> GIVEN MATERIAL:
════════
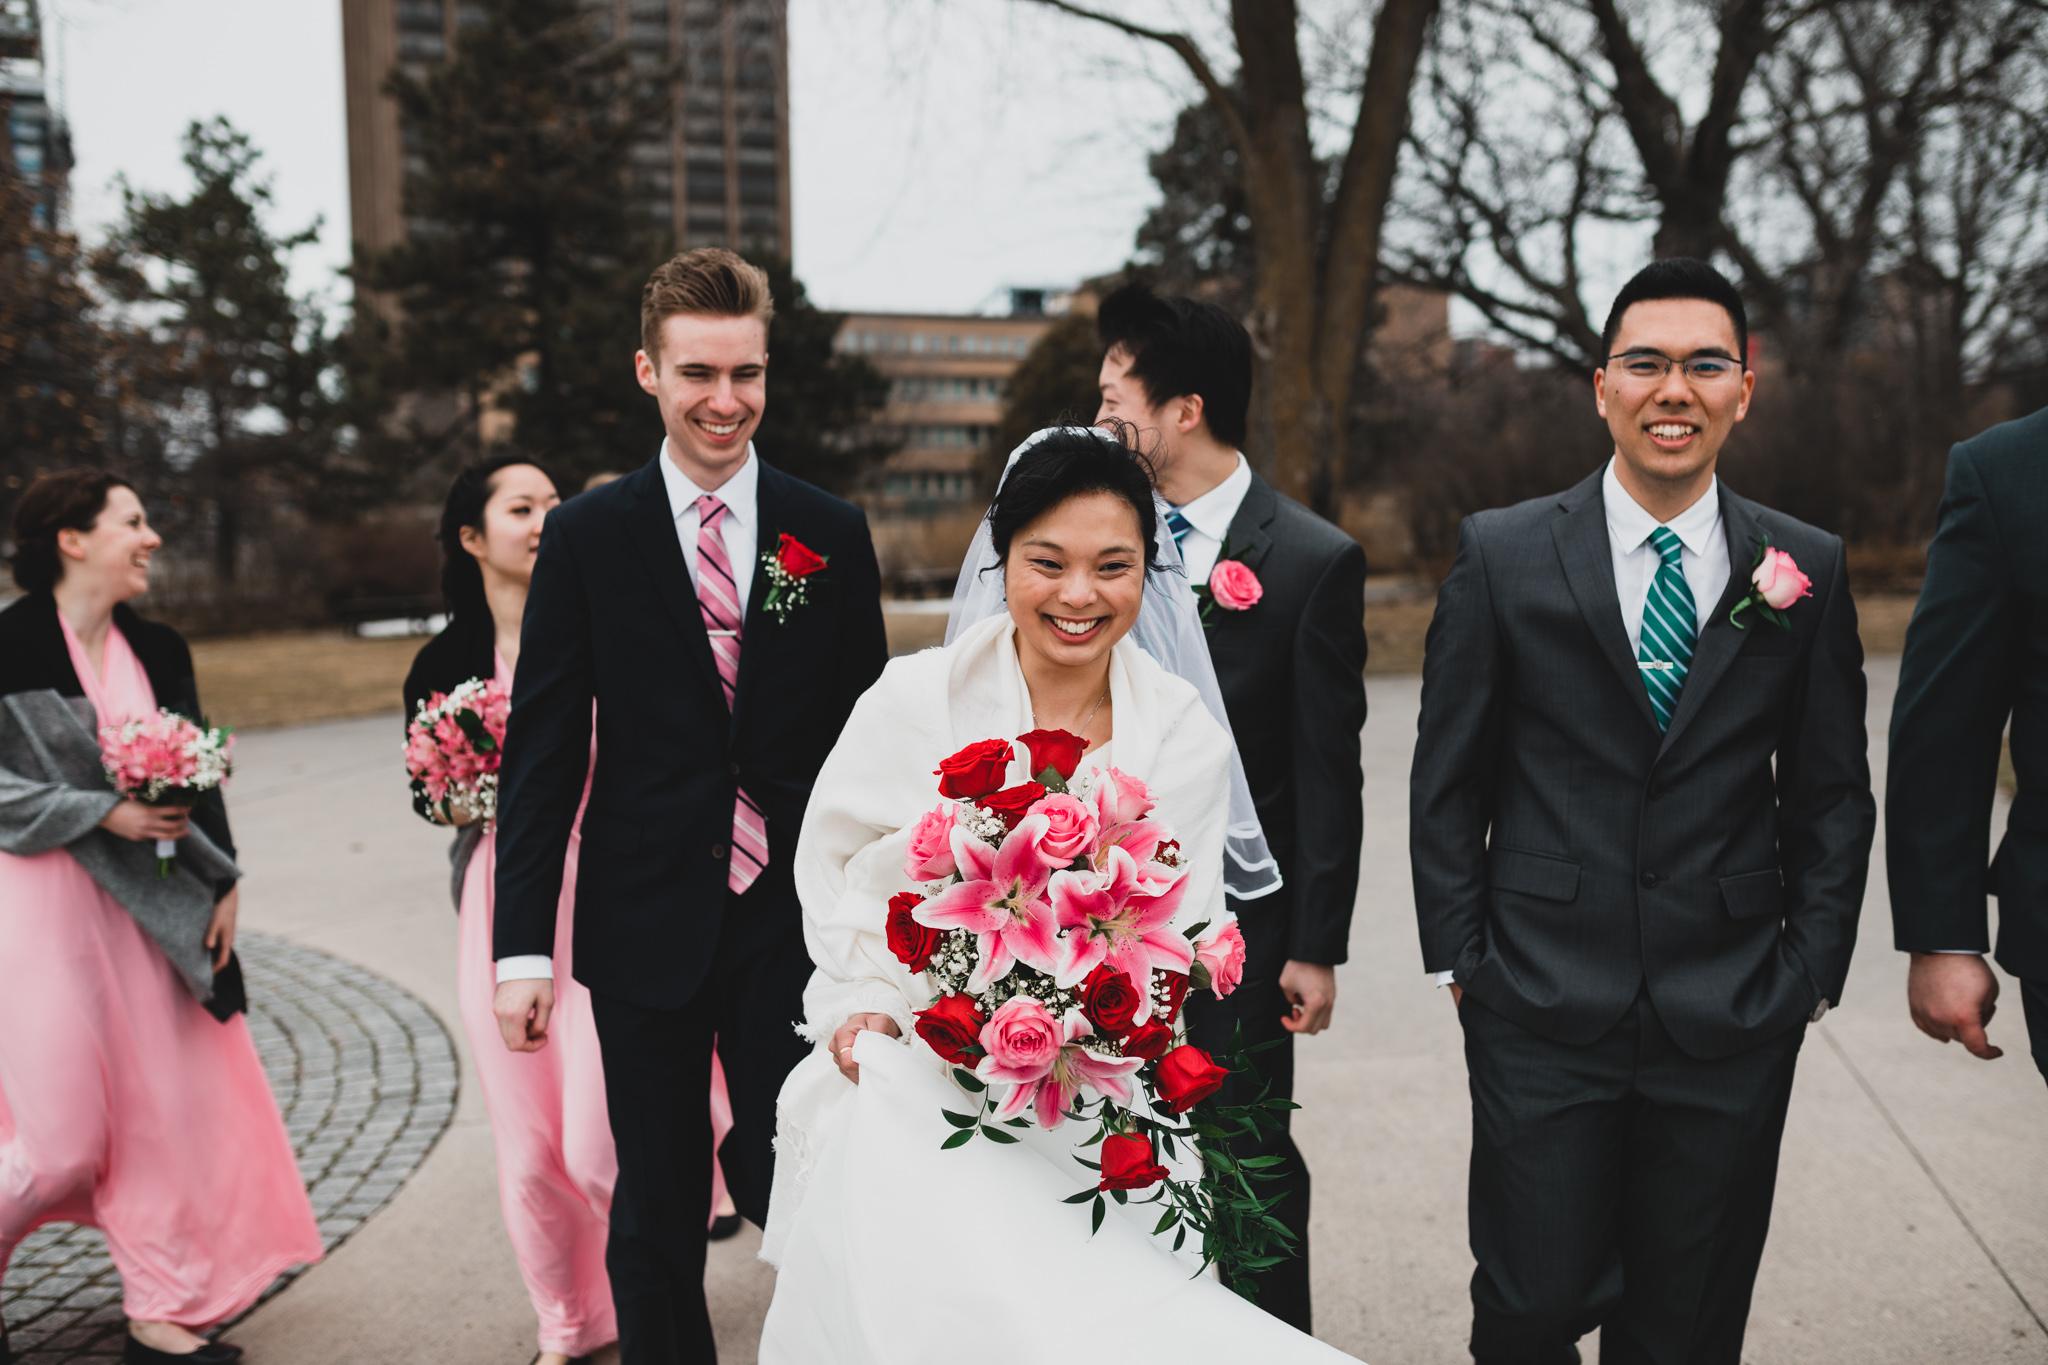 434-WEB-Jonathan-Kuhn-Photography-Alicia-Gabe-Wedding-3716.jpg
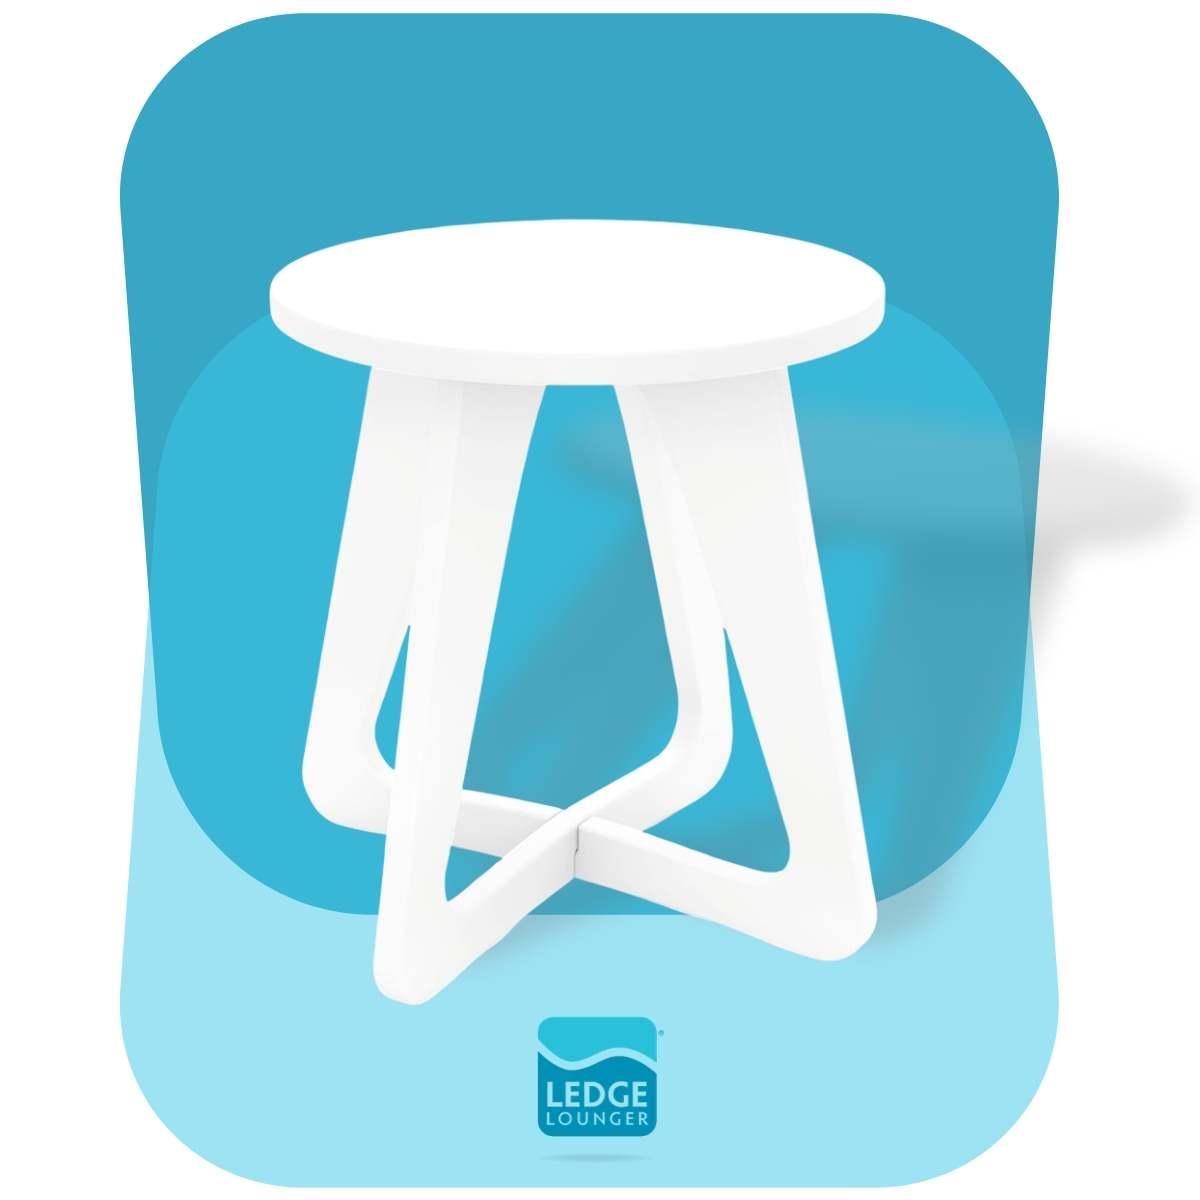 ledge-lounger-mainstay-stool white
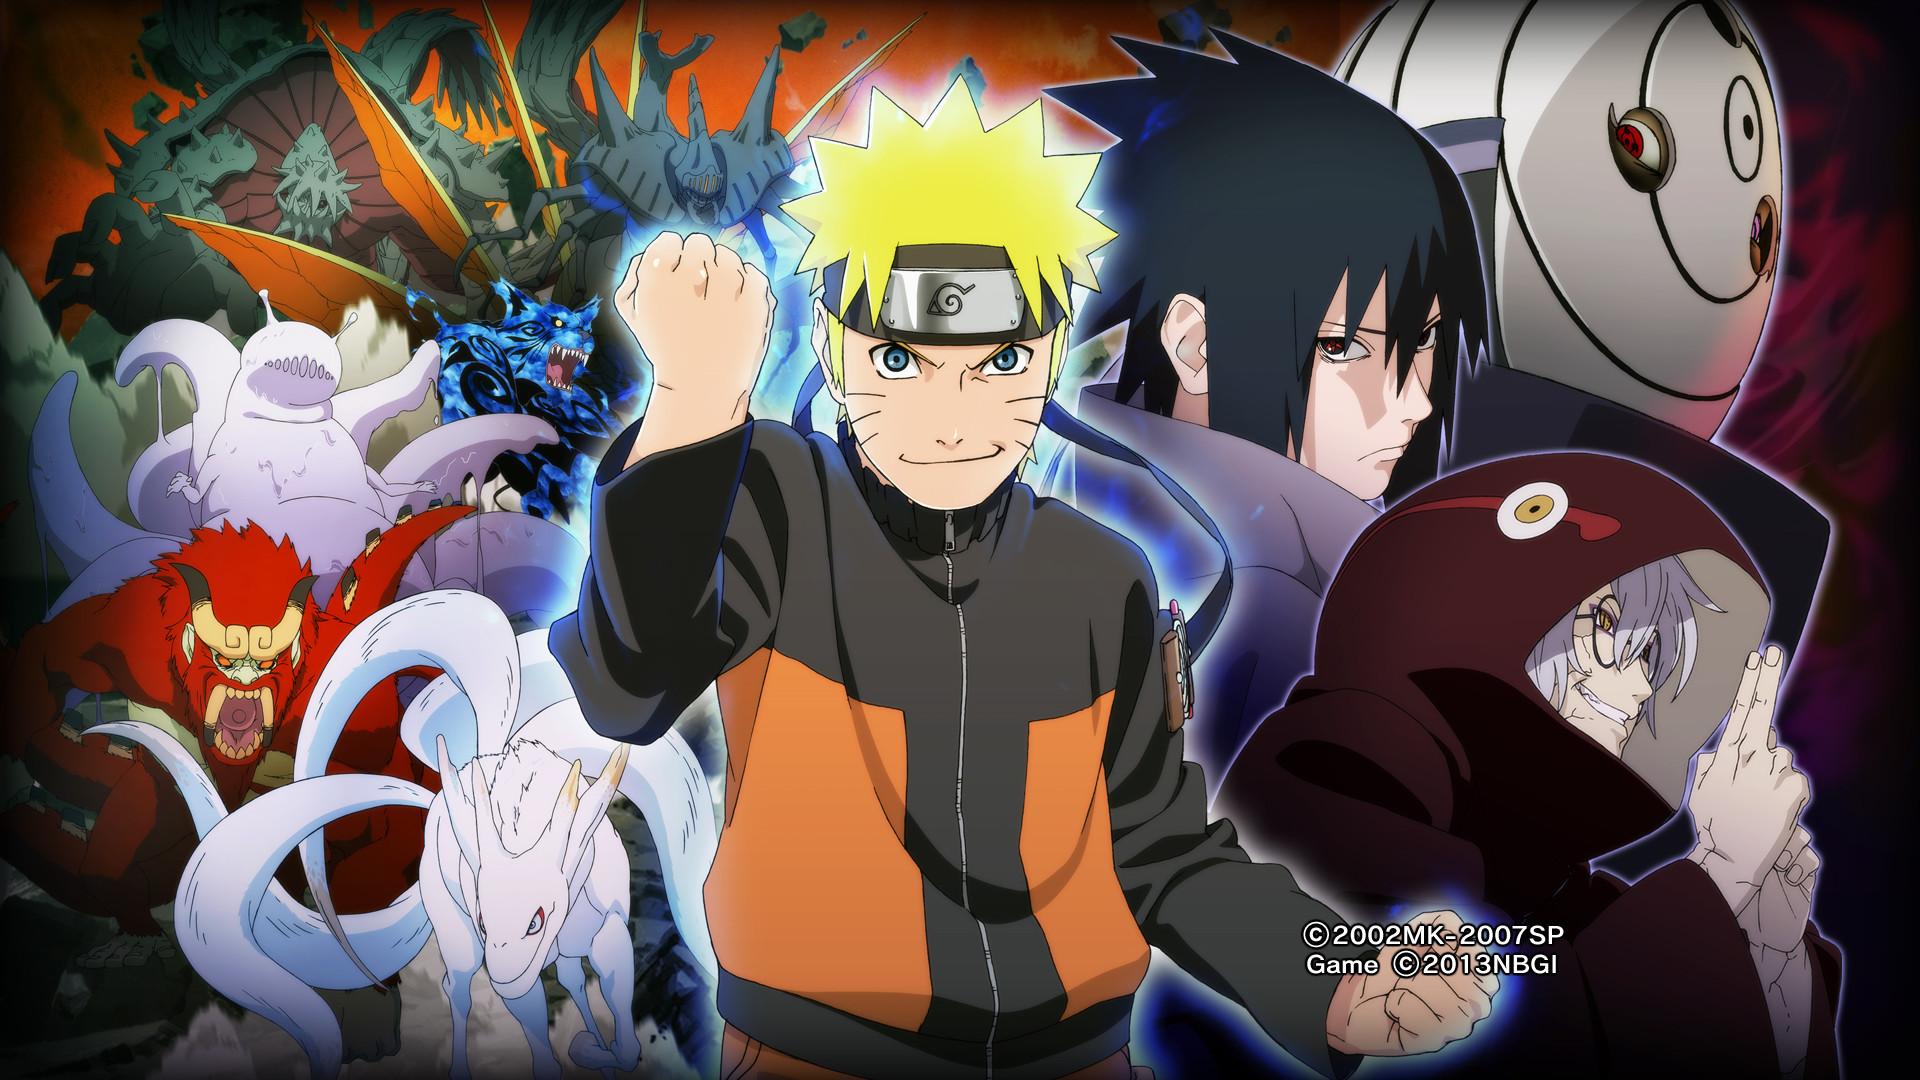 Res: 1920x1080, Naruto Wallpaper by zerogravity411 Naruto Wallpaper by zerogravity411
════════
> ABOUT THIS EXERCISE:
Every line of the listing above is to be set down verbatim, without the pictures.

> ANSWER TO THIS EXERCISE:
 434-WEB-Jonathan-Kuhn-Photography-Alicia-Gabe-Wedding-3716.jpg
 ledge-lounger-mainstay-stool white
 Res: 1920x1080, Naruto Wallpaper by zerogravity411 Naruto Wallpaper by zerogravity411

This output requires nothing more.